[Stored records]
----

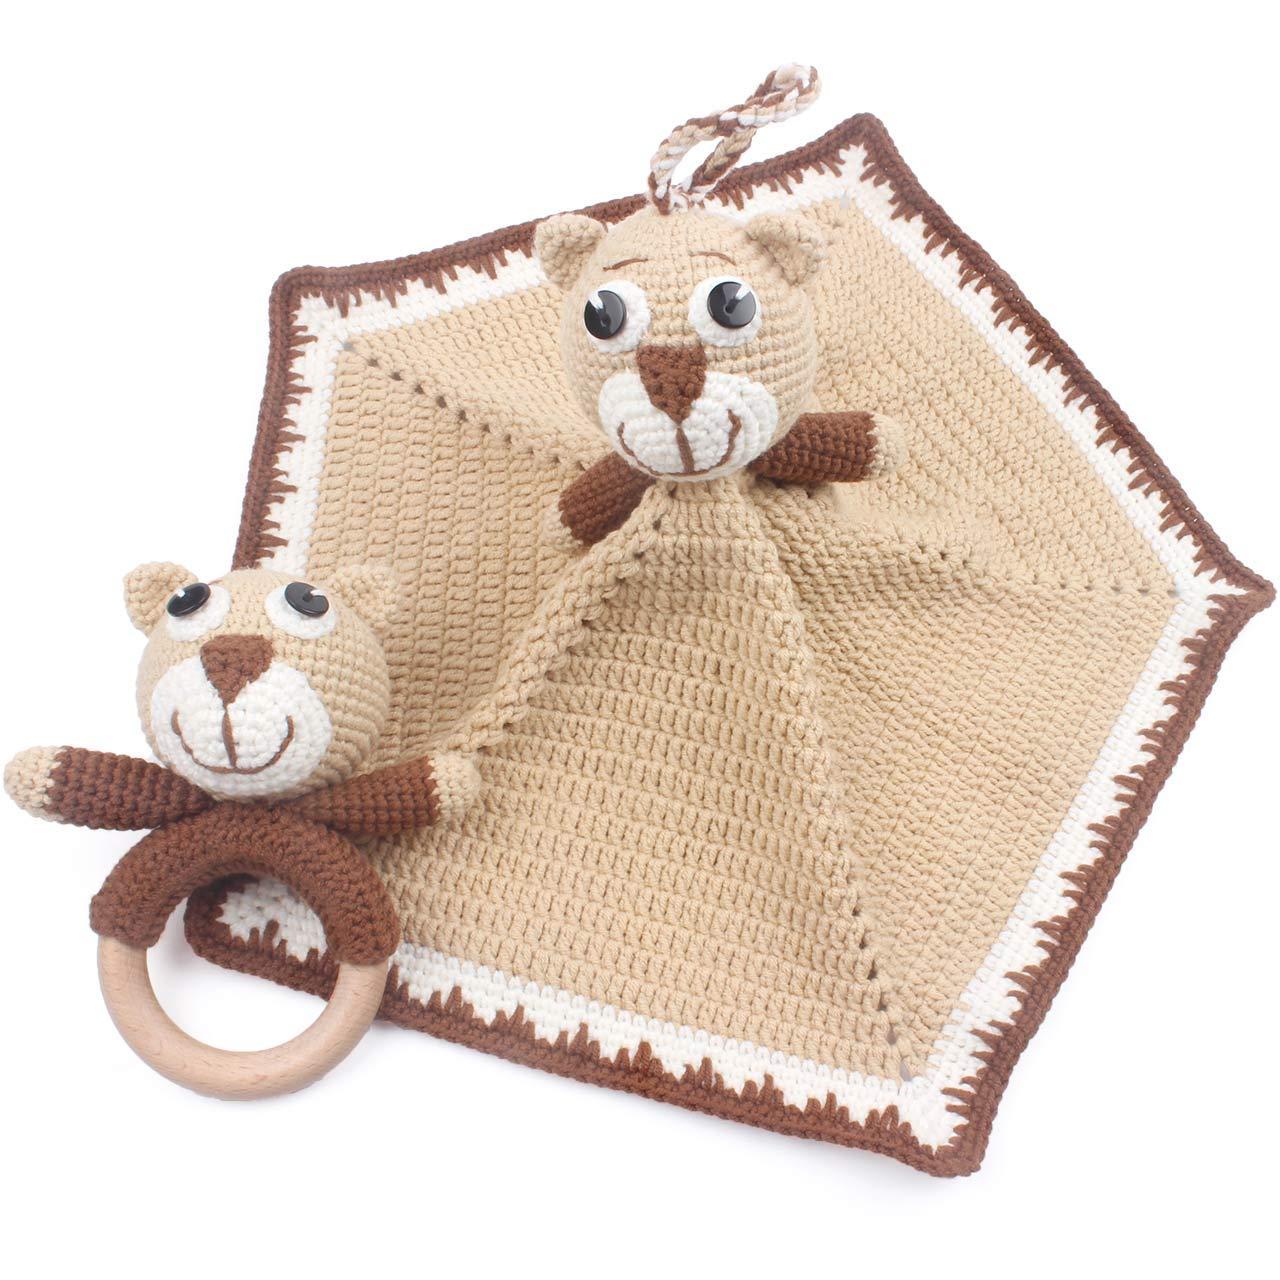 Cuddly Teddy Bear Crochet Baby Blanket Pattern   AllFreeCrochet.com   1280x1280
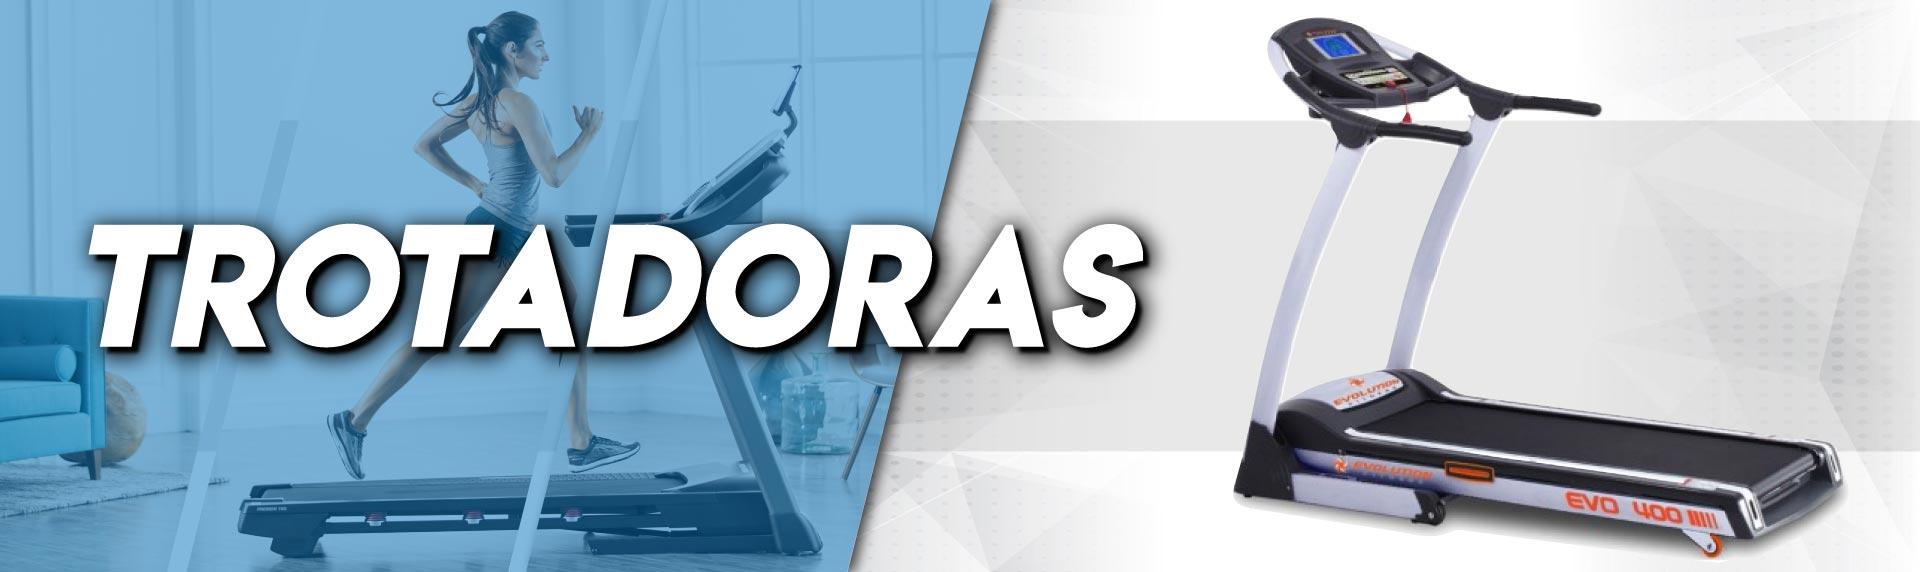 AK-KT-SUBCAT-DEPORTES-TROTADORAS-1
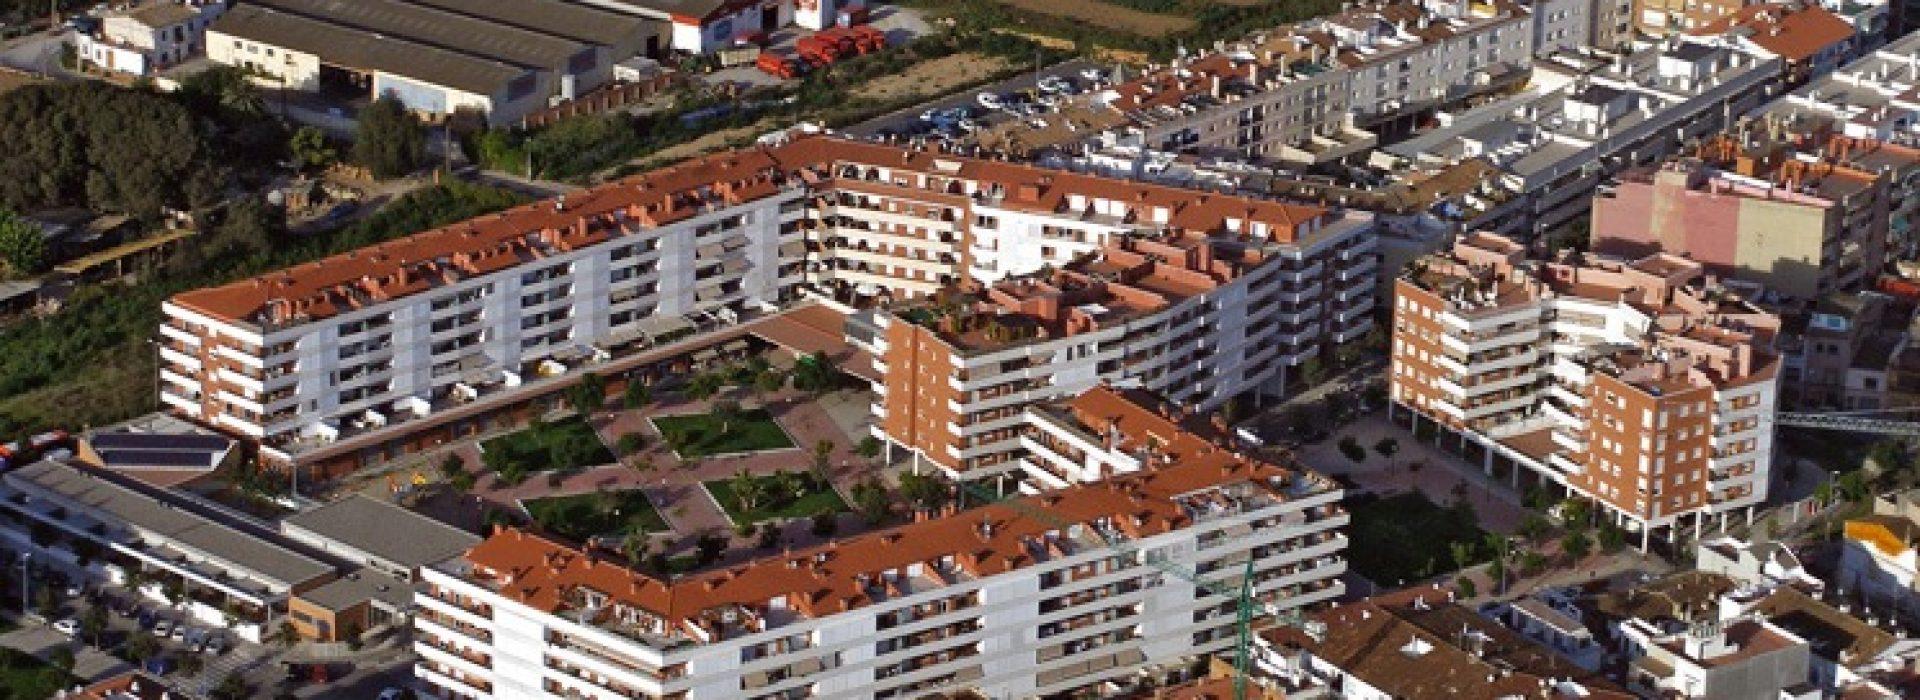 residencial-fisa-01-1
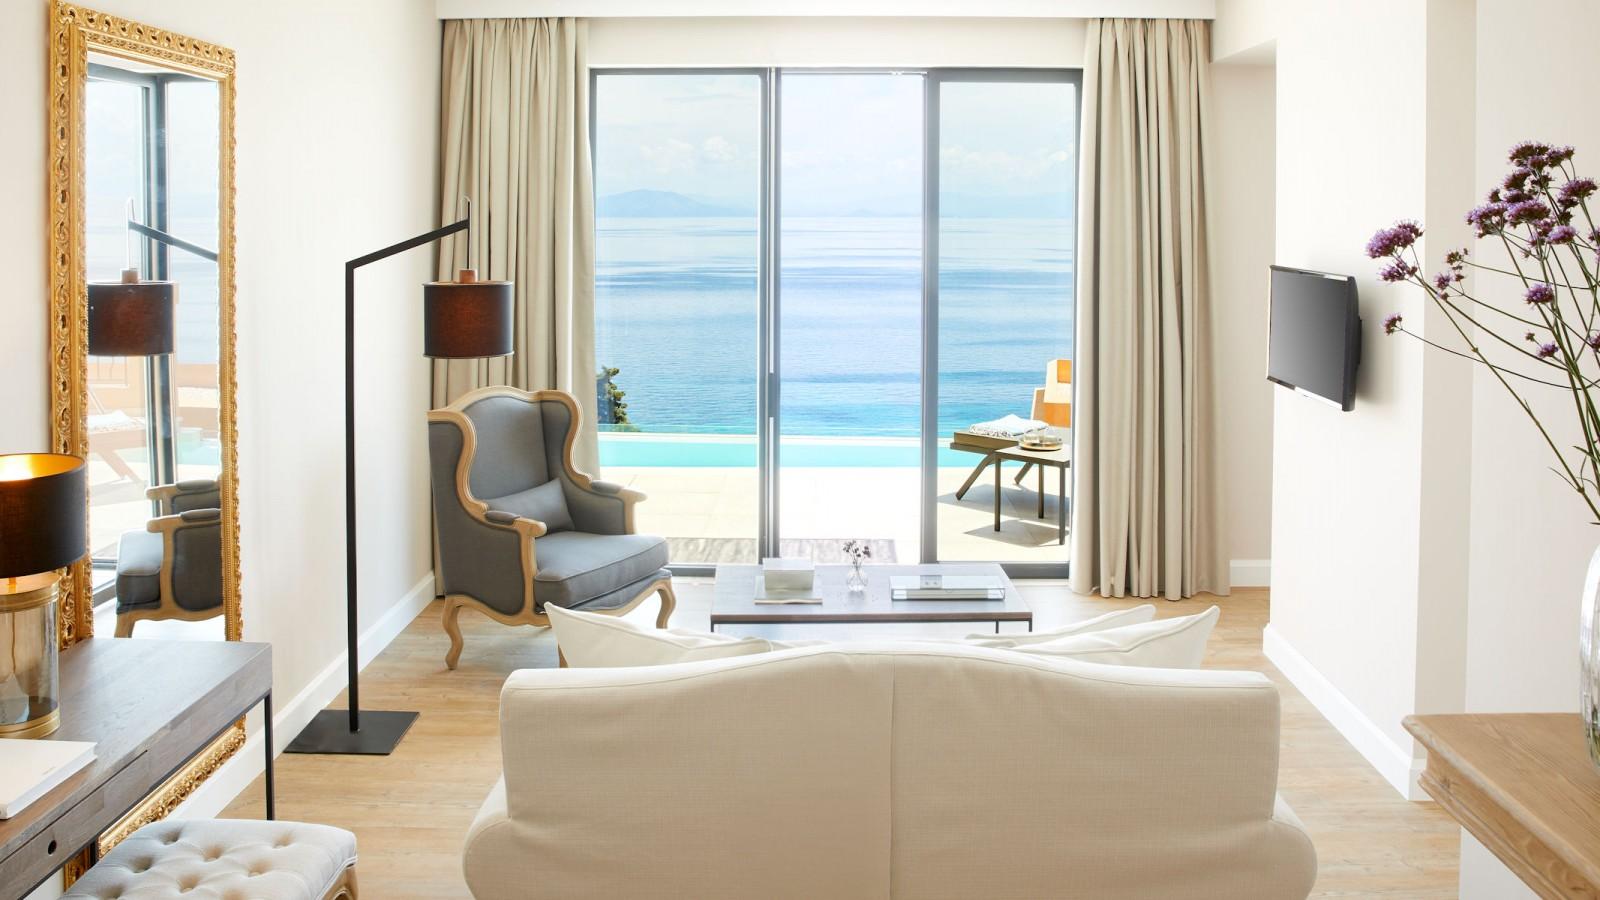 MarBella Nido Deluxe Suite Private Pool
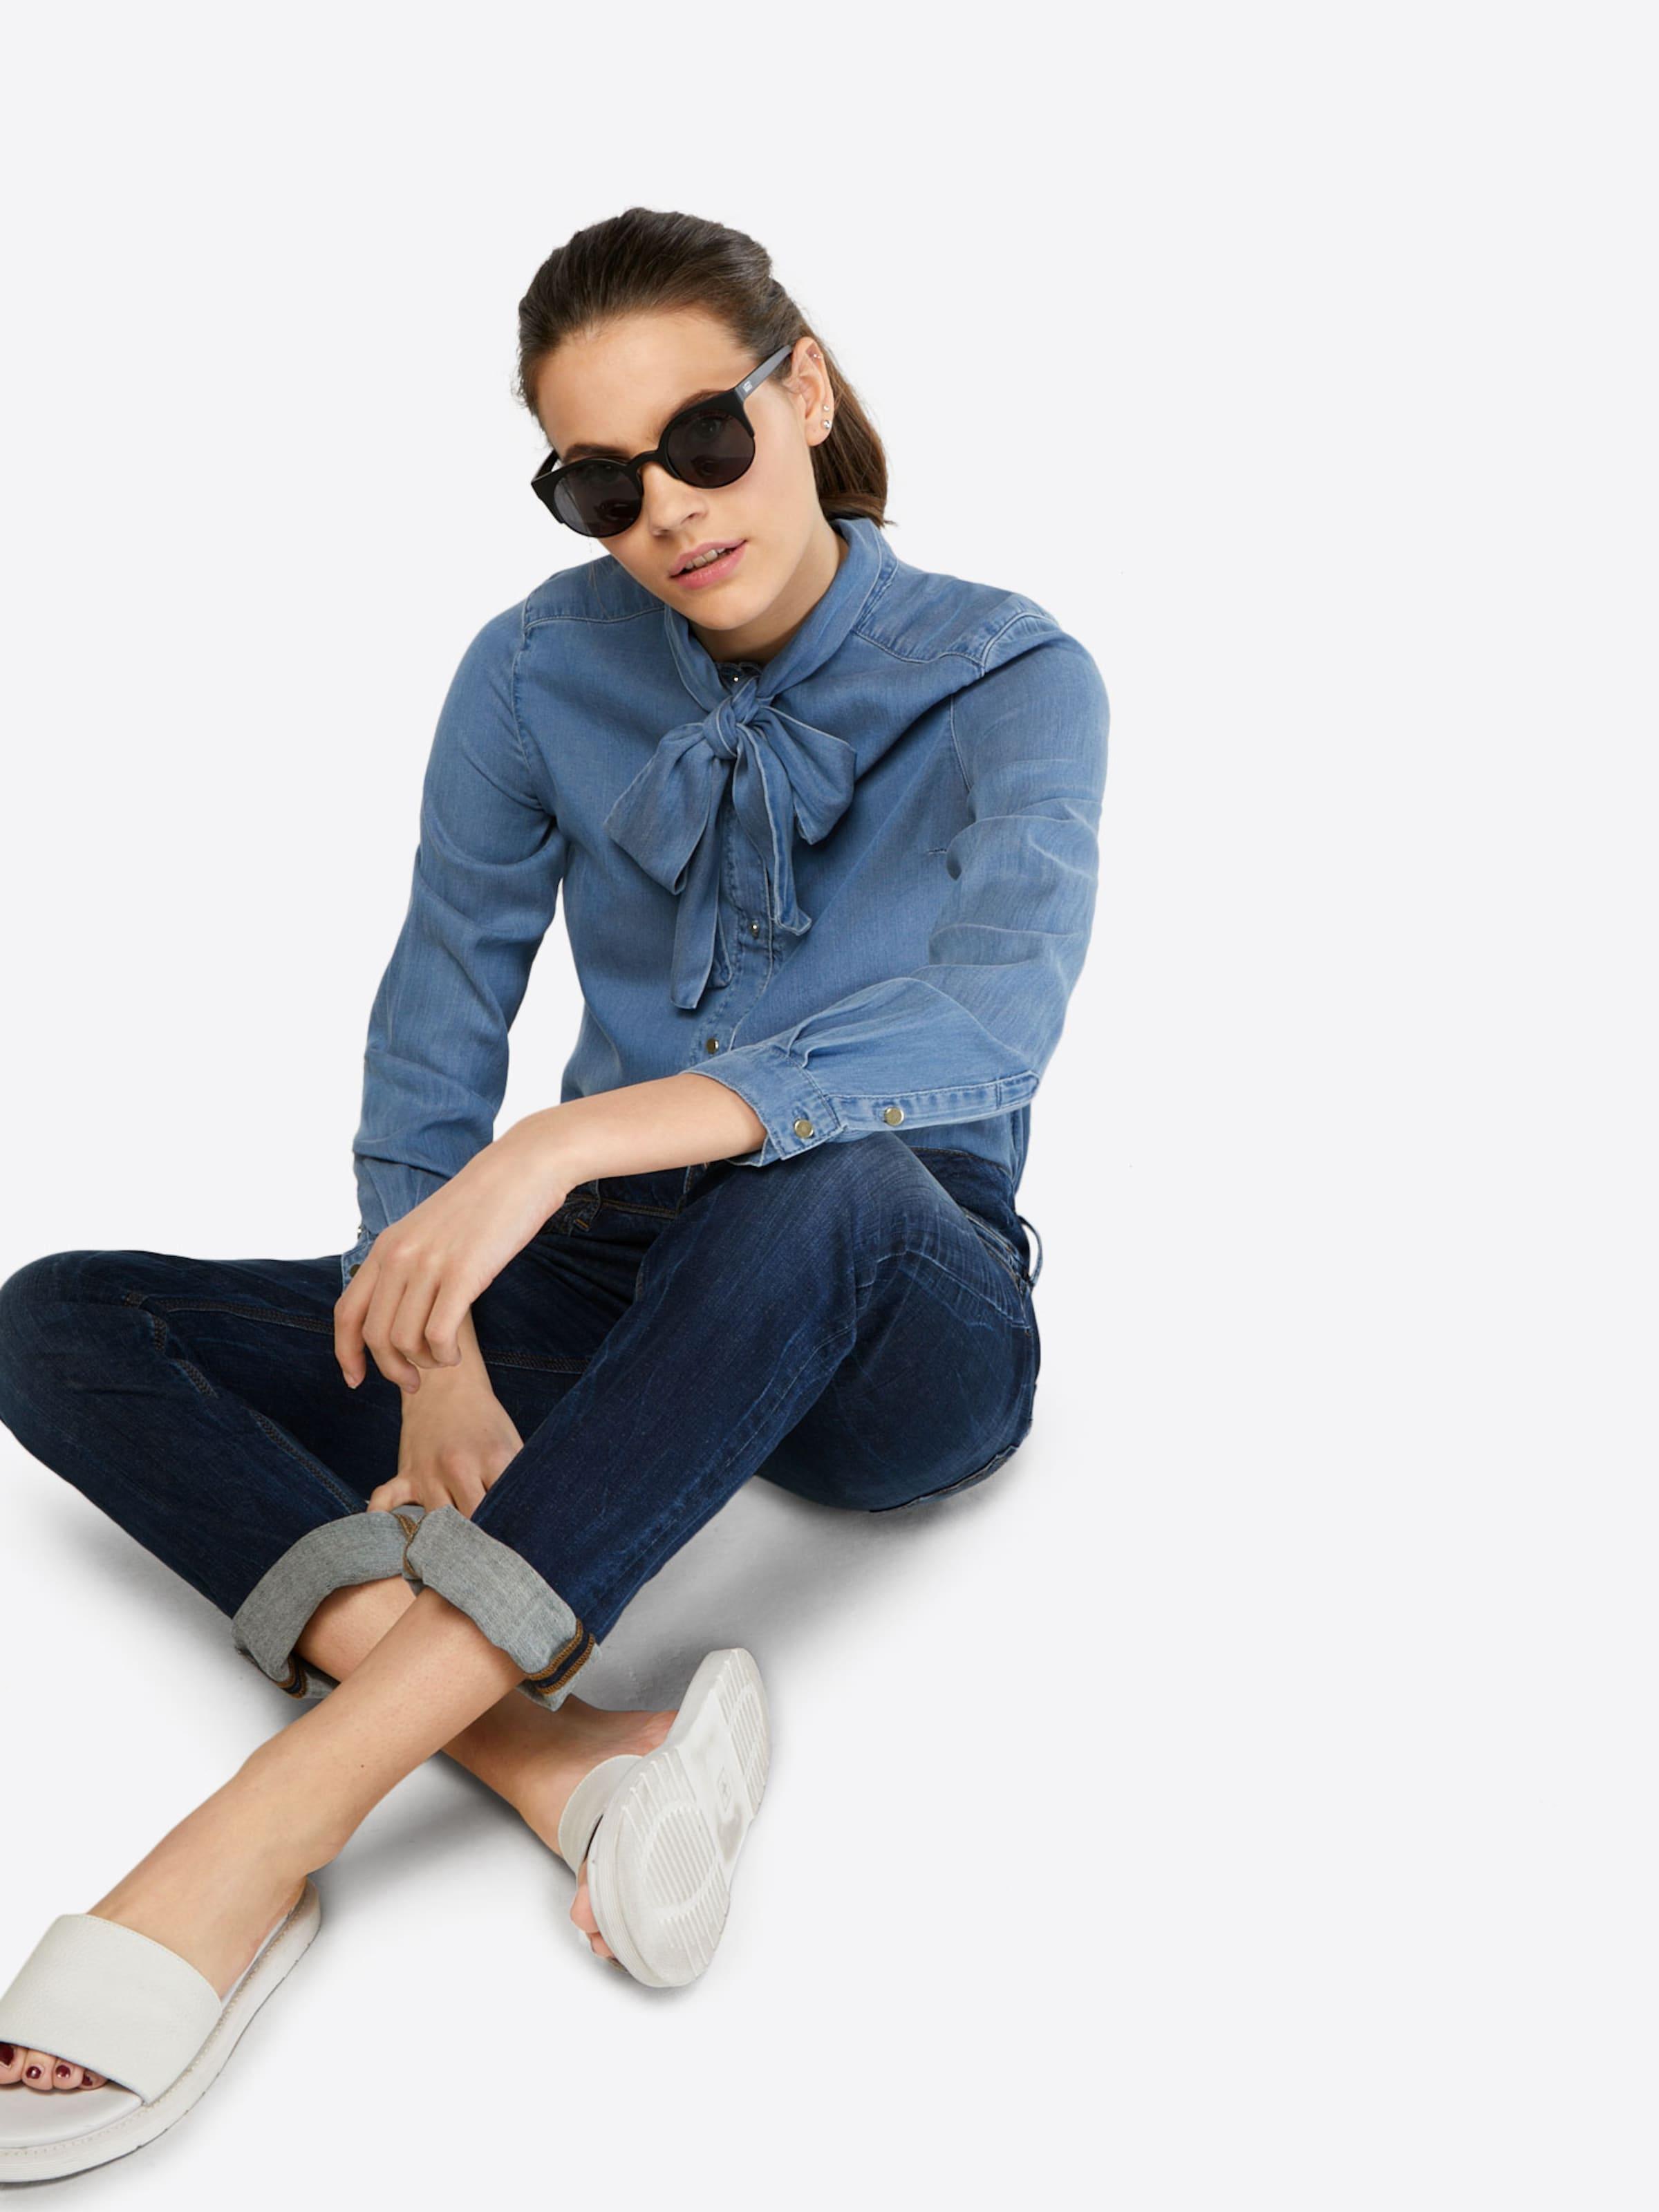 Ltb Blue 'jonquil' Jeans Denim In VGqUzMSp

----

#### PROBLEM REQUIREMENTS:
Return all records above verbatim without their pictures.

#### RESPONSE TO THIS EXERCISE:
 Cuddly Teddy Bear Crochet Baby Blanket Pattern   AllFreeCrochet.com   1280x1280
 AK-KT-SUBCAT-DEPORTES-TROTADORAS-1
 residencial-fisa-01-1
 MarBella Nido Deluxe Suite Private Pool
 Ltb Blue 'jonquil' Jeans Denim In VGqUzMSp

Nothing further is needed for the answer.